Simple Restoration of a Stanwell Freehand


Blog by Aaron Henson – 2/20/16

I have had my eye on this pipe for several months. It has been languishing in a local antique shop since last summer and was priced as if it were fully restored. To my surprise it was still there at the end of January and the shop had lowered the price. I talked with the owner for a while and eventually got his rock bottom price (which was my top end price). After all, it is a beautiful piece of briar.Stan1

Stan2 This is big pipe: the chamber is 7/8” (22 mm) diameter and 1¾” (45 mm) deep and the walls are more than 3/8” (10mm) thick.Stan3 Inspecting the pipe I did not find much wrong. The stem was heavily oxidized and had very little tooth chatter. The briar was free from dent, gouges and the like. A few minor scratches and the worn stain was all that needed to be addressed. And there was only a light cake in the bowl. As for markings, there were none on the stem and some double markings on the bottom of the shank. It read STANWELL over de Luxe (double stamped) over MADE IN DENMARK (also double stamped). From what I could find, I estimate this pipe was made sometime in the 1970’s. If anyone can date it better please let me know.Stan4 I set the stem to soak in an Oxyclean solution and began working on the stummel. I cleaned the outside of the briar with a tooth brush and Murphy’s oil soap, rinsing with water then quickly drying with a paper towel. I repeated the process on the plateaux several times. Next I reamed the chamber back to bare wood and inspected the internals. Then the internals of the shank cleaned up easily with cotton swaps and bristled pipe cleaners.

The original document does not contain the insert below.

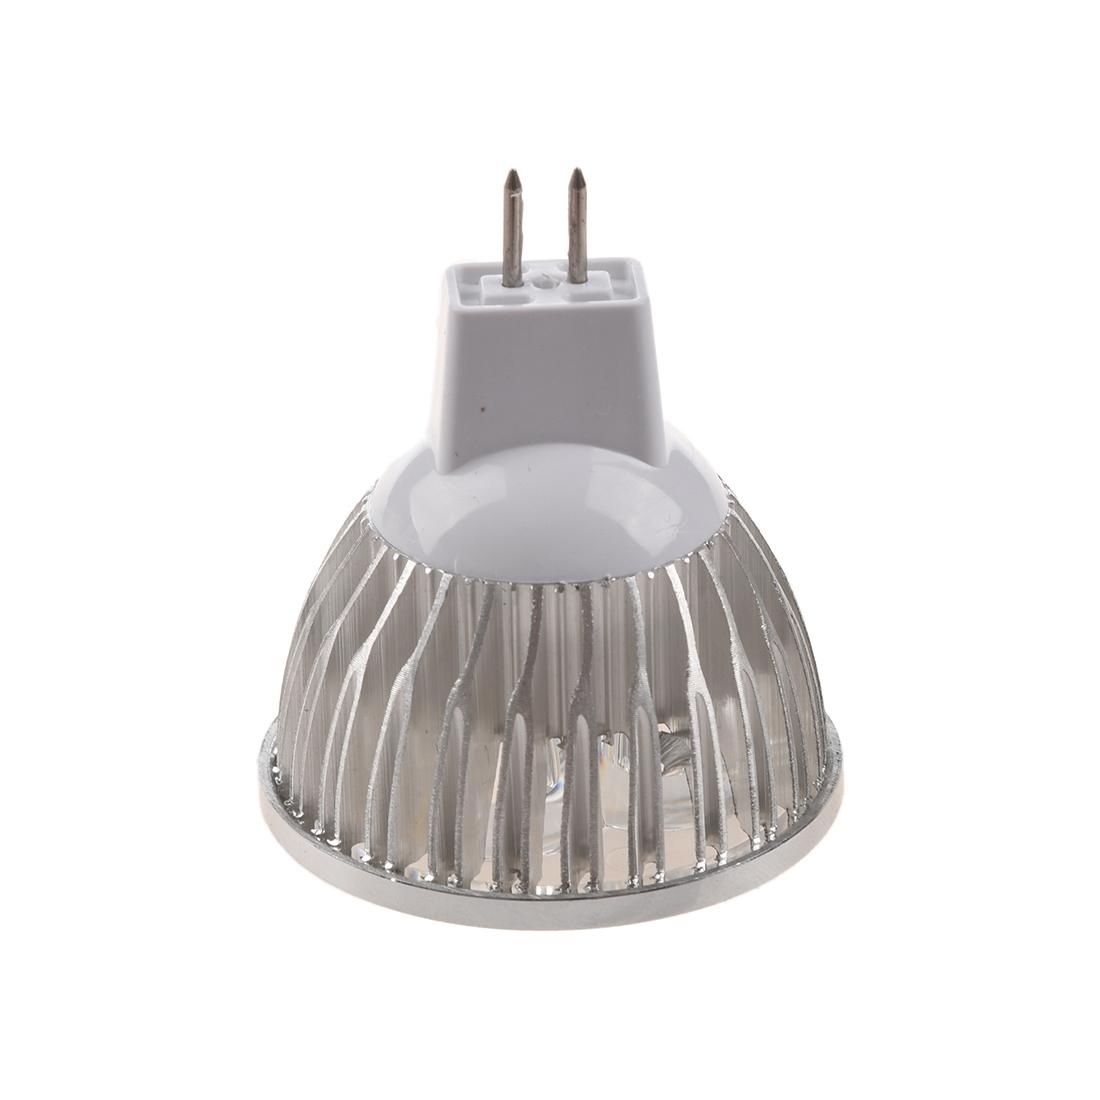 4 1w gu5 3 mr16 12v warm white led light lamp bulb spotlight ad ebay. Black Bedroom Furniture Sets. Home Design Ideas
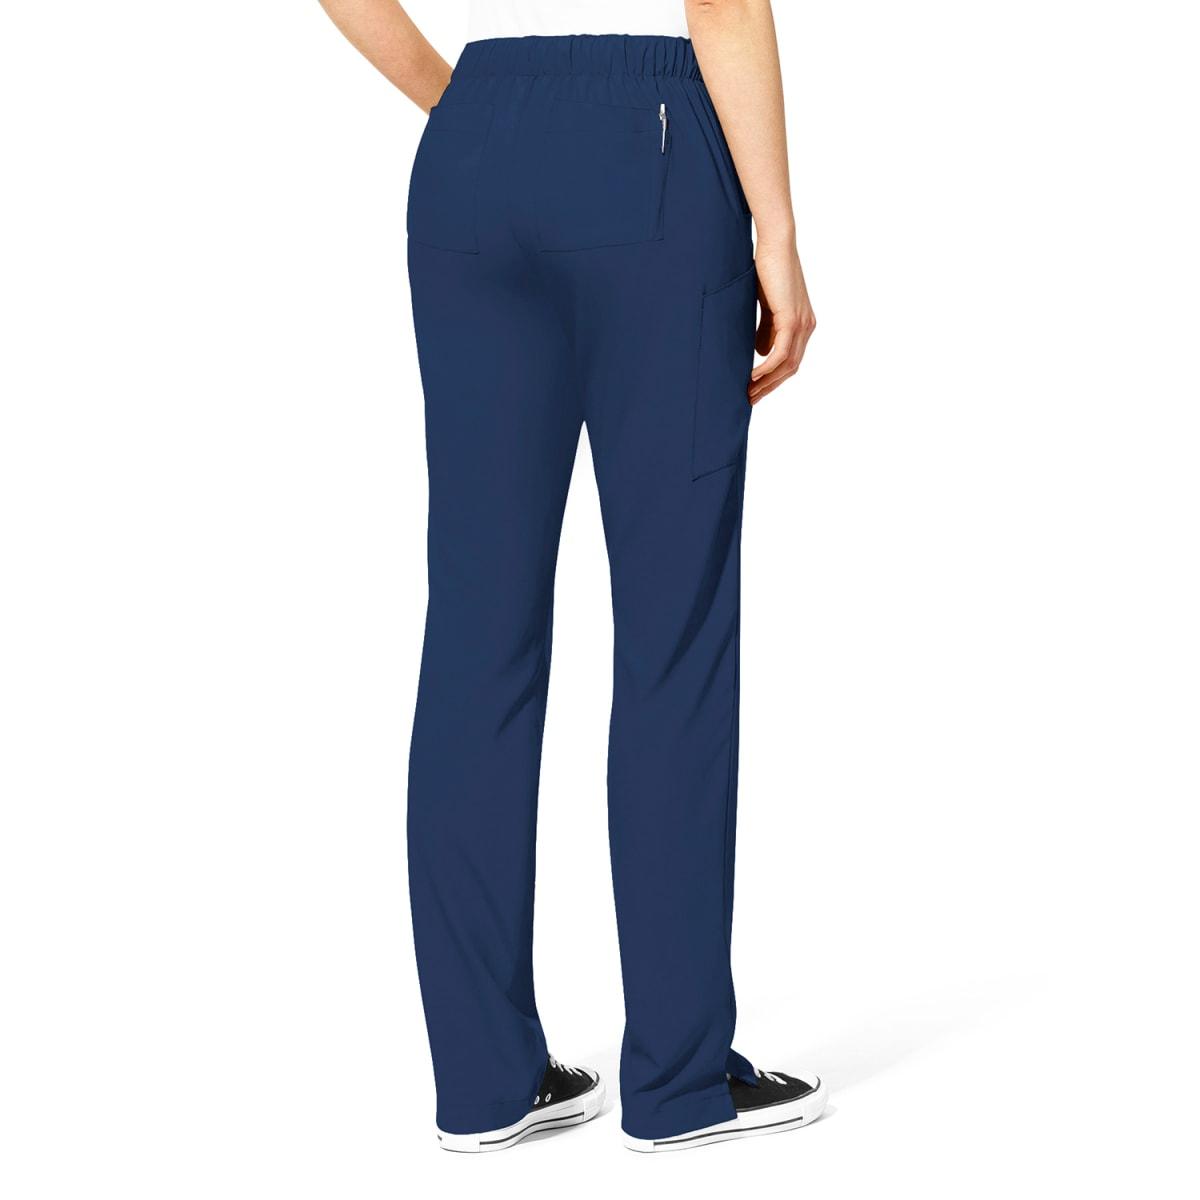 Pantalon Clinico Enfermera Azul Marino W123 5155a Shopsale Uniformes

All-in-all, other than a micro crack on the outer surface, the briar was in great shape. There was one long scratch near the stamping but I didn’t want to touch that and risk damaging the stamps. I wanted a very smooth finish so I sanded the outside of the pipe with 1500 – 3200 micromesh pads and set it aside.Stan5

Stan6 Returning to the stem, I scrubbed off the oxidation with a green pad and scrubbed the airway with a series of alcohol soaked pipe cleaners – bristled then soft. The tooth chatter was raised with heat from a lighter and the deepest tooth mark was filled with black superglue. When cured, the stem was sanded and polished with 1500 – 12000 micromesh pads. I wet sand with the first six pads and dry polish with the last three. A little mineral oil between sets of three pads seems to help too.Stan7

Stan8 Next the pipe was assembled and taken to the alcohol retort. Even thought I had scrubbed the internals thoroughly, it took 3 test tubes of Everclear until I no longer smell the ghosts of the previous owner’s tobacco.Stan9 In my research of the Stanwell pipes, I found that Stanwell used a walnut stain. This was consistent with the remnants of stain that I found on this pipe and I wanted to restore the original look. I began by applying and undiluted Feibing’s dark brown. After it set I realized that Feibing’s brown dye have too much of a red base and it was not direction I wanted to go.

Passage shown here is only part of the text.